You’ve got to reckon with three central truths in order to navigate through life properly, according to Old Testament Proverbs.


First, the universe operates on the principle of cause and effect; or to apply the truth more directly to human action: the principle of action and consequence.
 This explains the Proverbs’ preoccupation with metaphors of development. “A man shall eat well by the fruit of his mouth.” “The root of the righteous bears fruit.” “The righteous will flourish like a green leaf.”

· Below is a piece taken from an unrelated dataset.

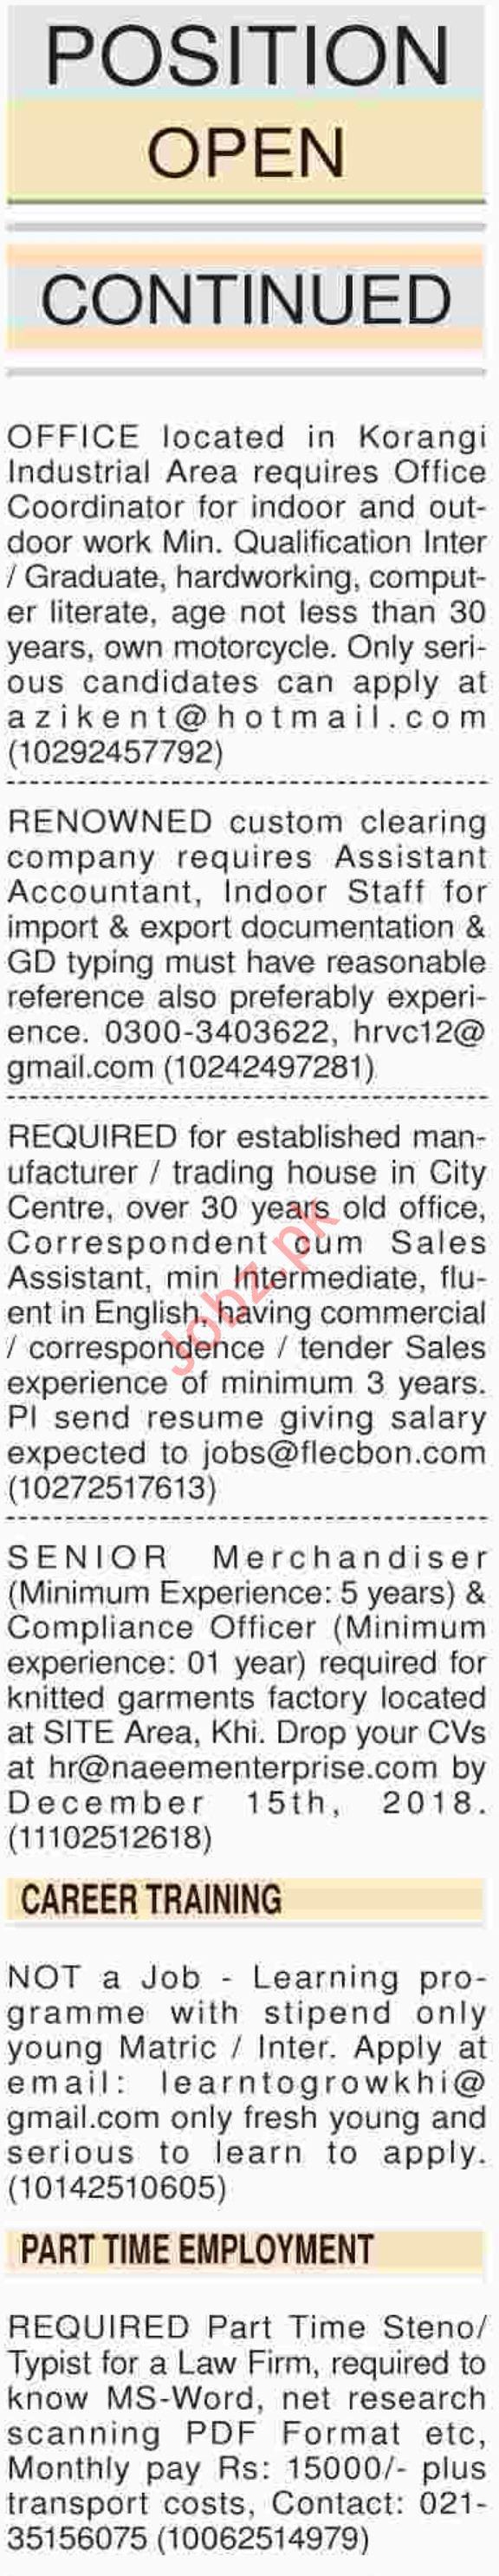 Dawn Newspaper Sunday General Classified Ads 9/12/2018

Seeds grow into fruit. Roots branch out. Things develop for better (“The path of the righteous is like the light of dawn which shines brighter and brighter until full day”) or worse (“The way of the wicked is like deep darkness”). Whatever the effect, Proverbs tells us that it did not eventuate in a vacuum, but only after a series of causes.

Not only do actions lead to consequences, but inactivity, also, leads to…nothing. Sometimes that nothing is good: “For lack of wood the fire goes out/ and where there is no whisperer, quarreling ceases.” Sometimes that nothing feels unpleasant, as when the lazy person refuses to act: “The desire of the sluggard kills him/ for his hands refuse to labor.”

You should buy into this law. Accept it and don’t chafe under it. Life is, to a large degree, predictable. The diligent will have. The man who cultivates wise speech succeeds. The person who works on causes can (to a large degree) fashion particular effects.

Secondly, the universe functions this way because the Creator made it this way:
 “The LORD by wisdom founded the earth/ by understanding He established the heavens/ by his knowledge the deeps broke open/ and the clouds drop down the dew.”

So, behind (or in, or whatever preposition you want to use!) this principle of cause and effect is a Person, the God. There is no so-called spiritual world (where sometimes we wish God would stay) where the laws of cause and effect turn to mush and everything becomes unpredictable.

Truth # 2 renders things more complex. For example: Let’s say we buy into truth # 1, the rule of cause and effect. We like the fact that life has become predictable. We start to program the vast machine and come up with a list of winners and losers in life. And according to our programming, the fatherless (especially in the ancient Near Eastern world) will come out a loser. He has no protection against the strong; little opportunity to develop causes that will lead to success; little guidance.

But lo! “Do not move an ancient landmark/ or enter the fields of the fatherless/ for their Redeemer is strong/ He will plead their cause against you.” Some of understanding the universe of cause and effect is being told there is a God (here, the strong Redeemer) who takes up for the fatherless. Here is a Cause, or better, a Causer, that we didn’t reckon with! This truth of the Causer (pardon the awkward, unbiblical title) does not negate the law of cause and effect, but it does expand it and personalize it.

Part of the savvy and cunning of living well is factoring in a God who has declared His investments and opinions, and then making decisions accordingly. In other words, living well is not just doing the smart thing, it is also doing the good thing.

Thirdly, because of the combinations of truth # 1 and truth # 2, life is, to some degree, inexplicable. “It is the glory of God to conceal things.” You can never totally figure out life. First round draft picks are sometimes busts. The laboratory cannot simulate life. What’s that about “mice and men”?

But Proverbs is no house of cards that collapses with truth # 3. Life is still largely predictable. It is still wisdom to work the causes, to develop a work ethic, a pattern of speech, a self-control, qualities that comprise the righteous roots of the good life.

And how does the Proverb end? “It is the glory of God to conceal things/ but the glory of kings to search them out.” And again, “The eye for seeing/ the ear for hearing/ the LORD has made them both.” It is good to observe, to reverently question, to scratch below the surface of things.

And now, a Proverb for you: “The sluggard does not plow in autumn/ he will seek in harvest, and have nothing.” There it is, a good wall to lean against, something that we can stop wondering: The tedium of plowing must precede any harvest – in child rearing, prayer, personal wisdom, understanding God, vocation, etc.

According to truth # 1 we will plow. According to truth # 2 we will hope that the effort of our plowing will be outmatched by the harvest’s bounty, because there is a Redeemer. According to truth # 3, we will not busy ourselves with comparing the effects with the causes, but we will work the causes.

Let us believe in a process. Let us not be the sort of persons who are dissatisfied unless they meet with the spontaneous and unexplained. Let us not neglect the process and then hope for a miracle. Sometimes God works miracles but always He commands work. And our faith is neither in a miracle nor in a process but in the God who has spoken – yes, even in Proverbs.